On rugged shape of skin tumor (basal cell carcinoma).

Basal cell carcinoma (BCC) is the most common cancer of the skin that is made of transformed basal cells of the human epidermis, and spreads along the epidermis--dermis junction. It often forms tumor cell mass that protrudes towards the dermal connective tissue with many branches. Histopathological examination of the cancer demonstrates the cell mass of a rugged shape appearing as many regular spaced islands in a two-dimensional section. We study the process of cell proliferation and spatial pattern formation of the skin tumor by a pair of partial differential equations of tumor cells and nutrients. The assumptions are: (1) proliferation rate of tumor cells depends on the availability of nutrients, which simply diffuse out of capillaries through connective tissue; (2) nutrients are consumed by active tumor cells; (3) cell diffusion coefficient expressing tumor cell movements increase with the cell density and the nutrient availability.
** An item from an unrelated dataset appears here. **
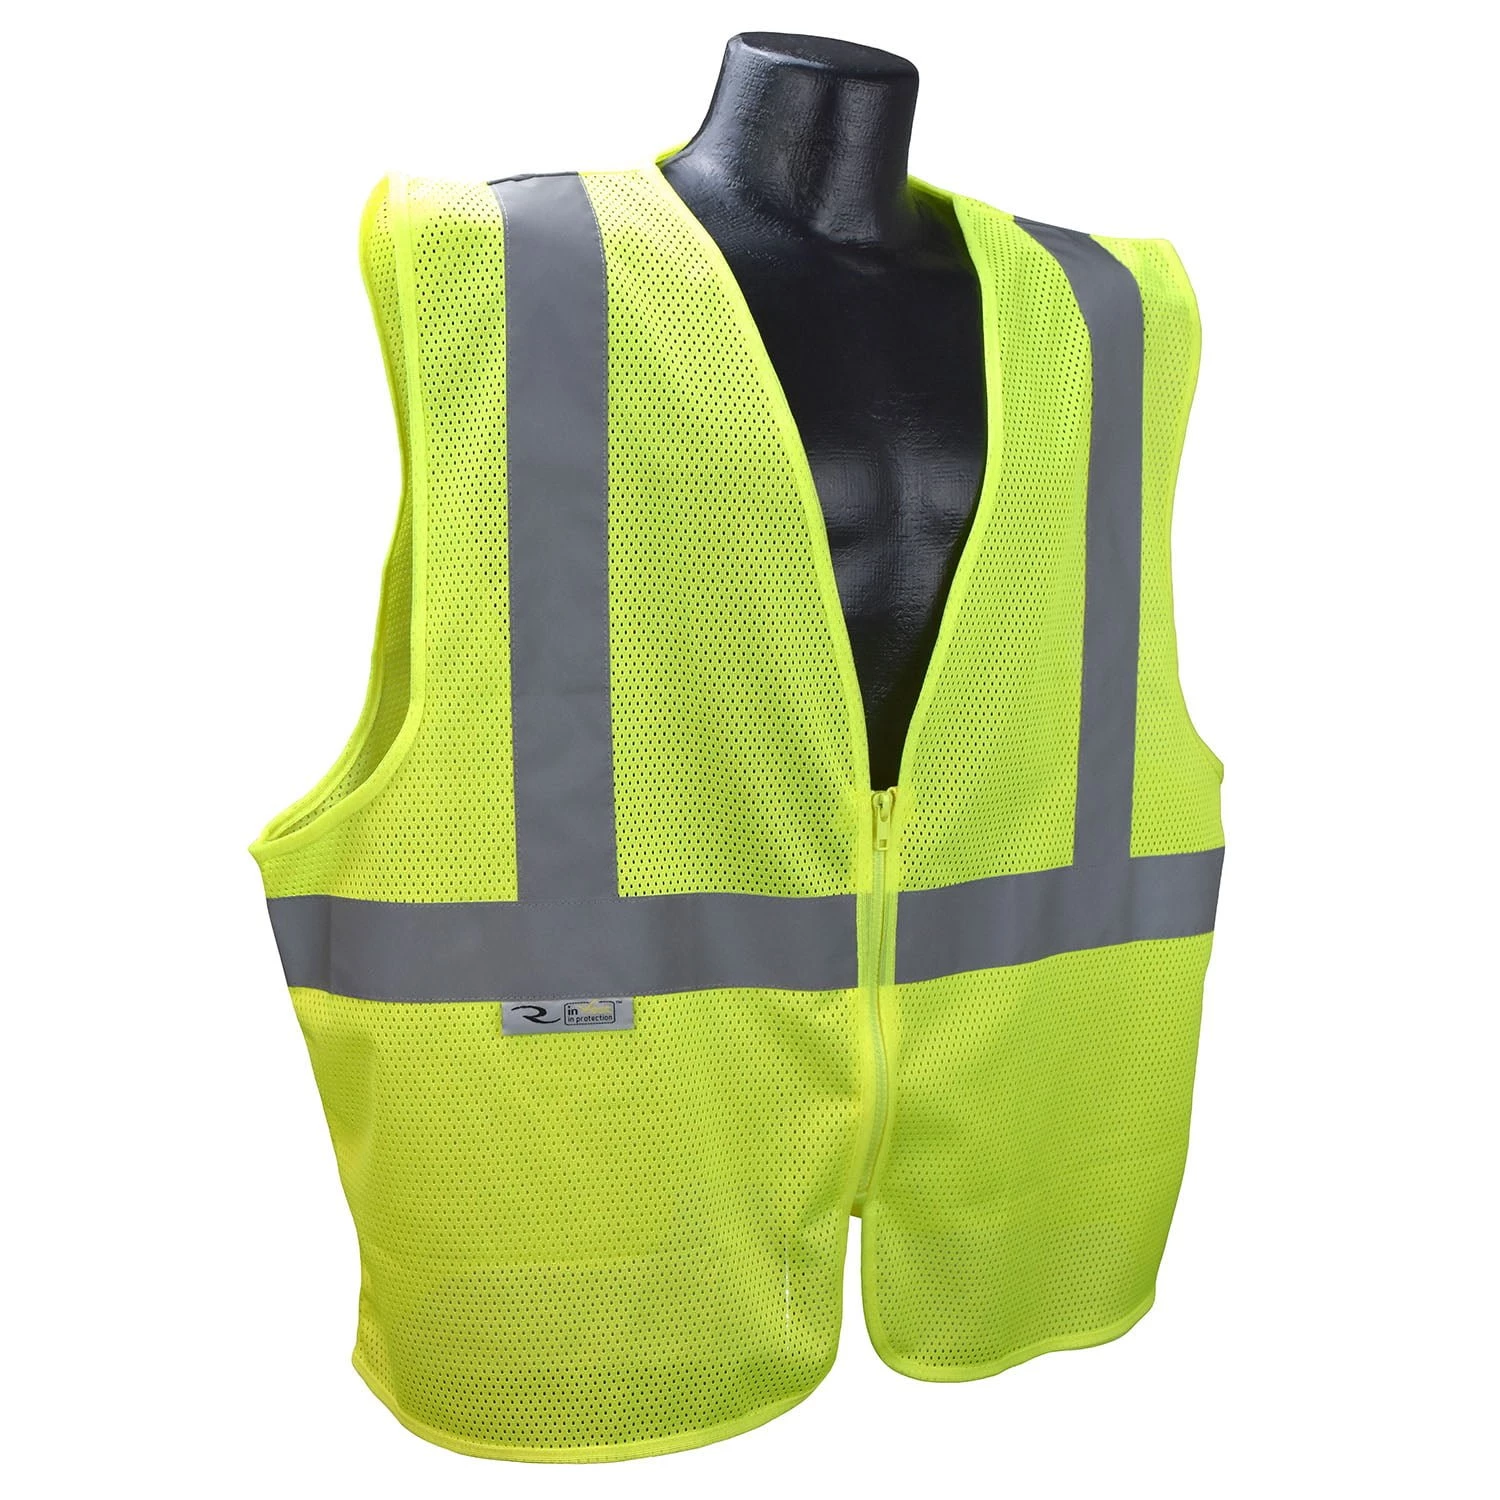 Radians SVE1 reflective safety vest

Starting from the initial condition with a single layer of tumor cells. the model develops a smooth colony if n'0 is large, but a characteristic rugged spatial pattern of tumor cell mass if n'0 is small, in which n'0 is nutrient concentration multiplied by square root of growth efficiency divided by diffusion coefficient of nutrients. The proportion of the area occupied by tumor cells increases with n'0. The coefficient of variation in the width of "islands" of tumor cell mass is rather small (0.2 reverse similar0.6), implying the regularity of the spatial pattern. We also analyses the photographs of a two-dimensional section of tumor cell mass and compare the spatial patterns generated by the model.